WHAT YOU NEED TO DO: Set down, word for word, every line of the material below from the one containing "autos, bmw, cars, autos" through the one containing "In a beauty", but none of its pictures.

RECORDS:
····················
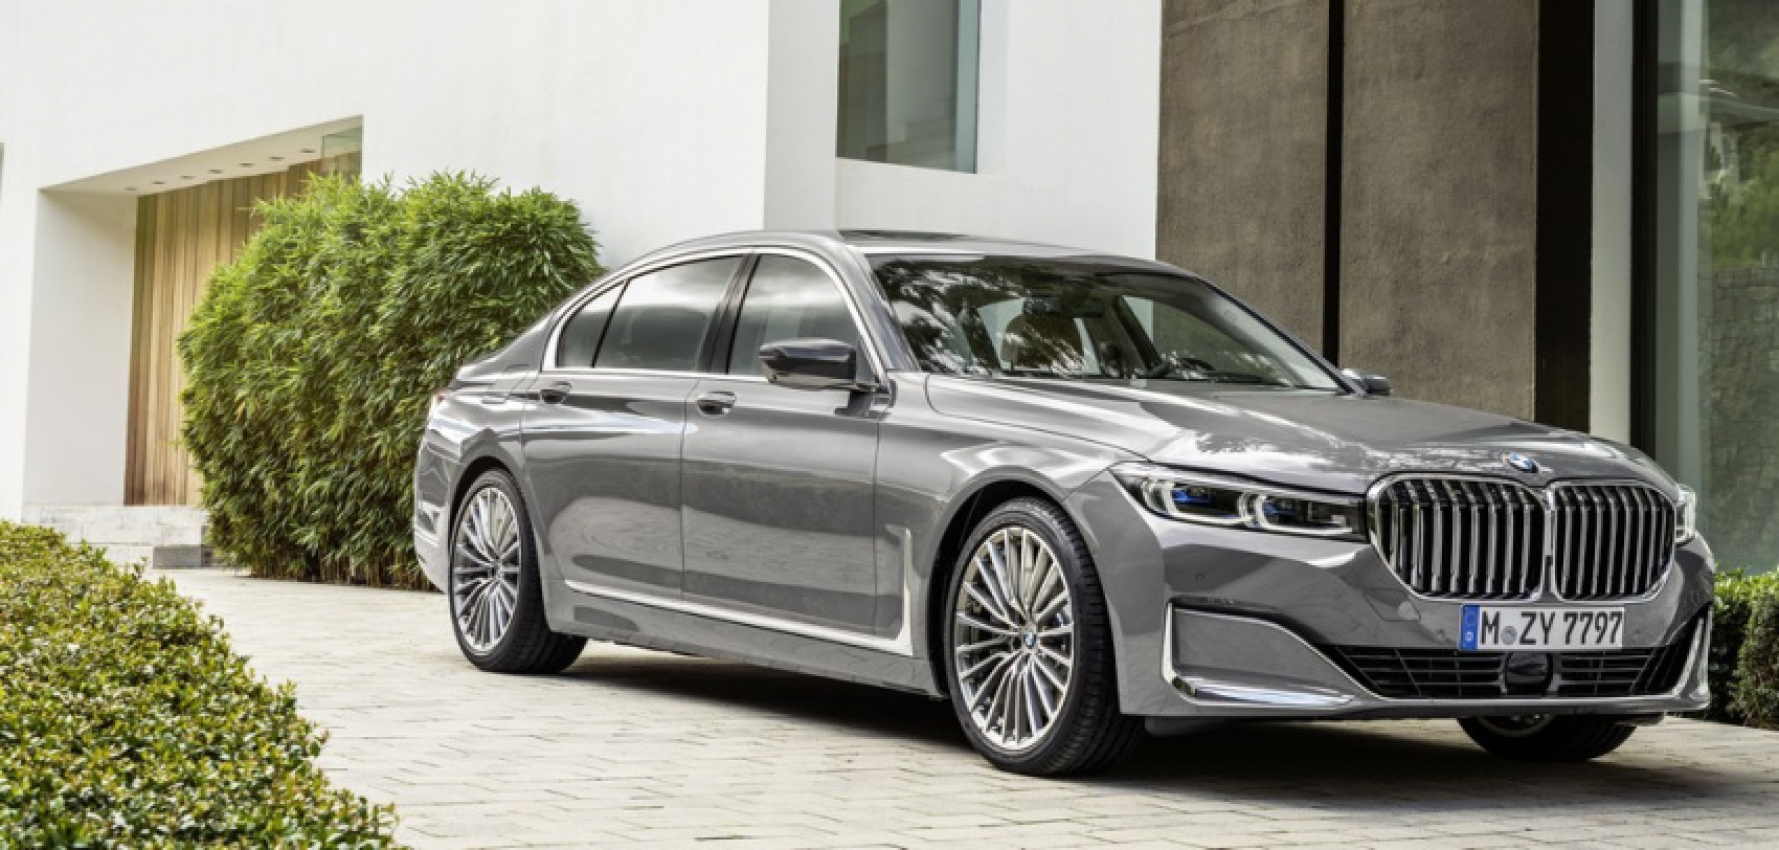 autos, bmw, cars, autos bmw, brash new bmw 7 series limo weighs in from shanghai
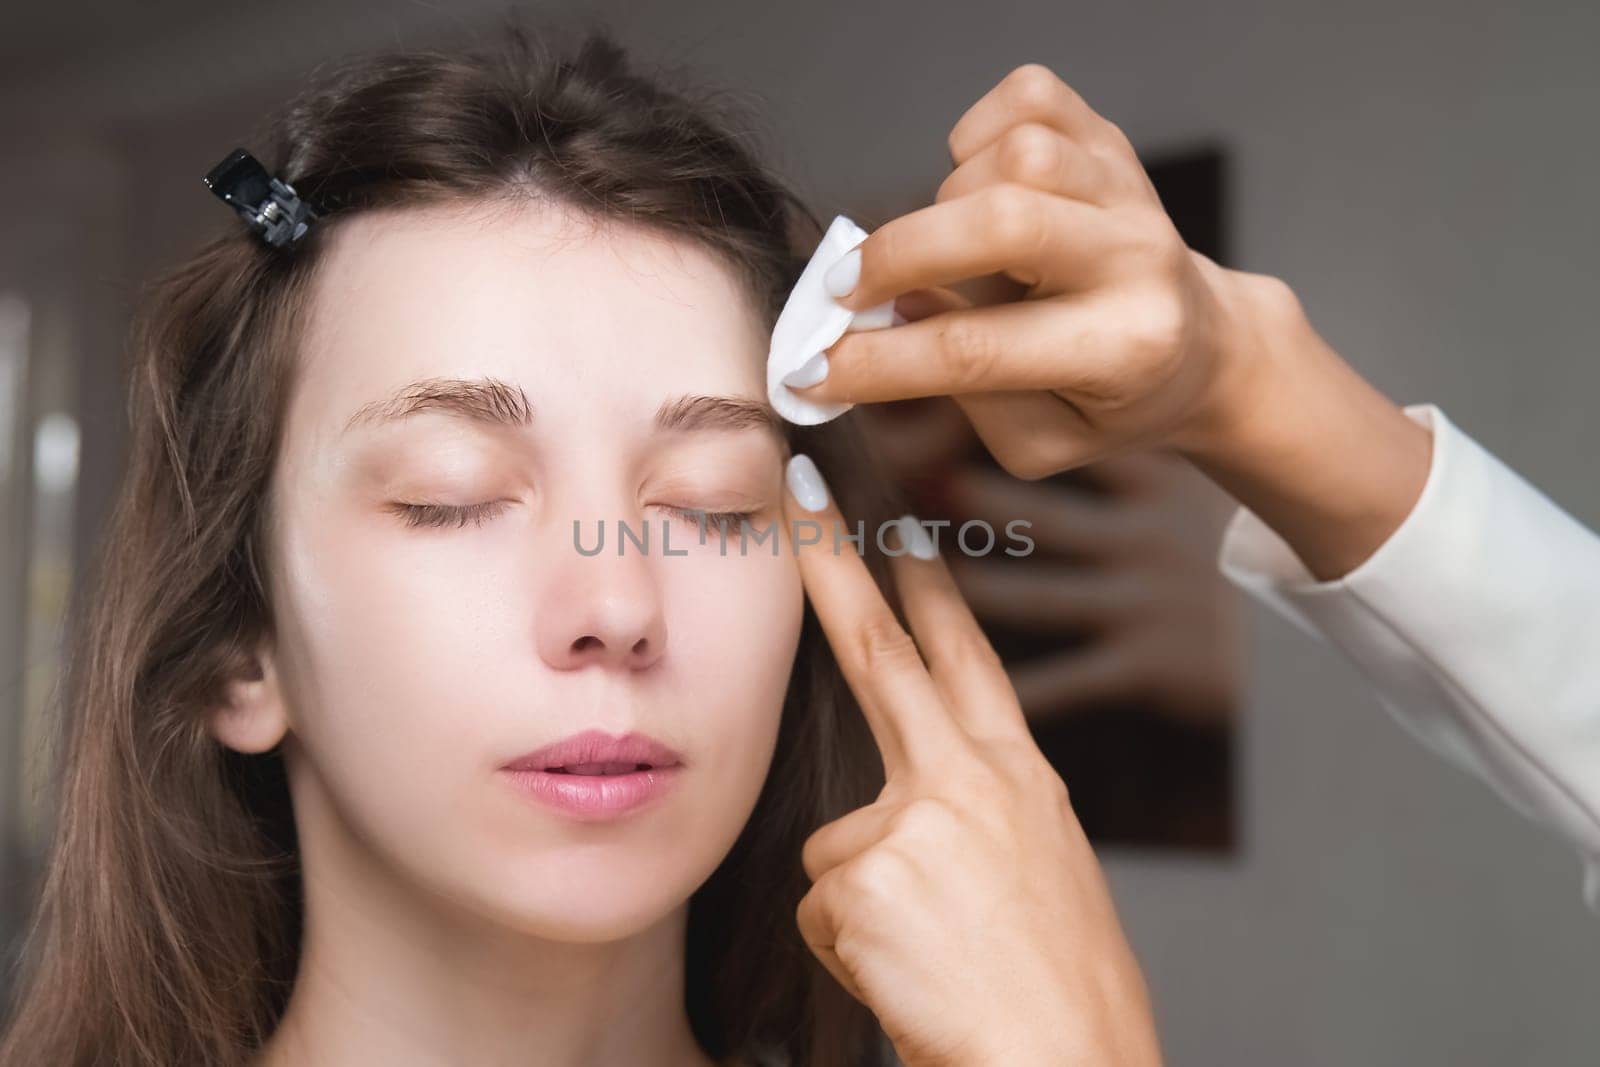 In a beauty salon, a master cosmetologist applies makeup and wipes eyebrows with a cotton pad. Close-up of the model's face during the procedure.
····················
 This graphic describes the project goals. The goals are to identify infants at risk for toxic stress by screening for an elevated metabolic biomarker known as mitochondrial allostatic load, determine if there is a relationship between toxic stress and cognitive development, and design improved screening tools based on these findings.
····················
TASK RESULT:
 autos, bmw, cars, autos bmw, brash new bmw 7 series limo weighs in from shanghai
 In a beauty salon, a master cosmetologist applies makeup and wipes eyebrows with a cotton pad. Close-up of the model's face during the procedure.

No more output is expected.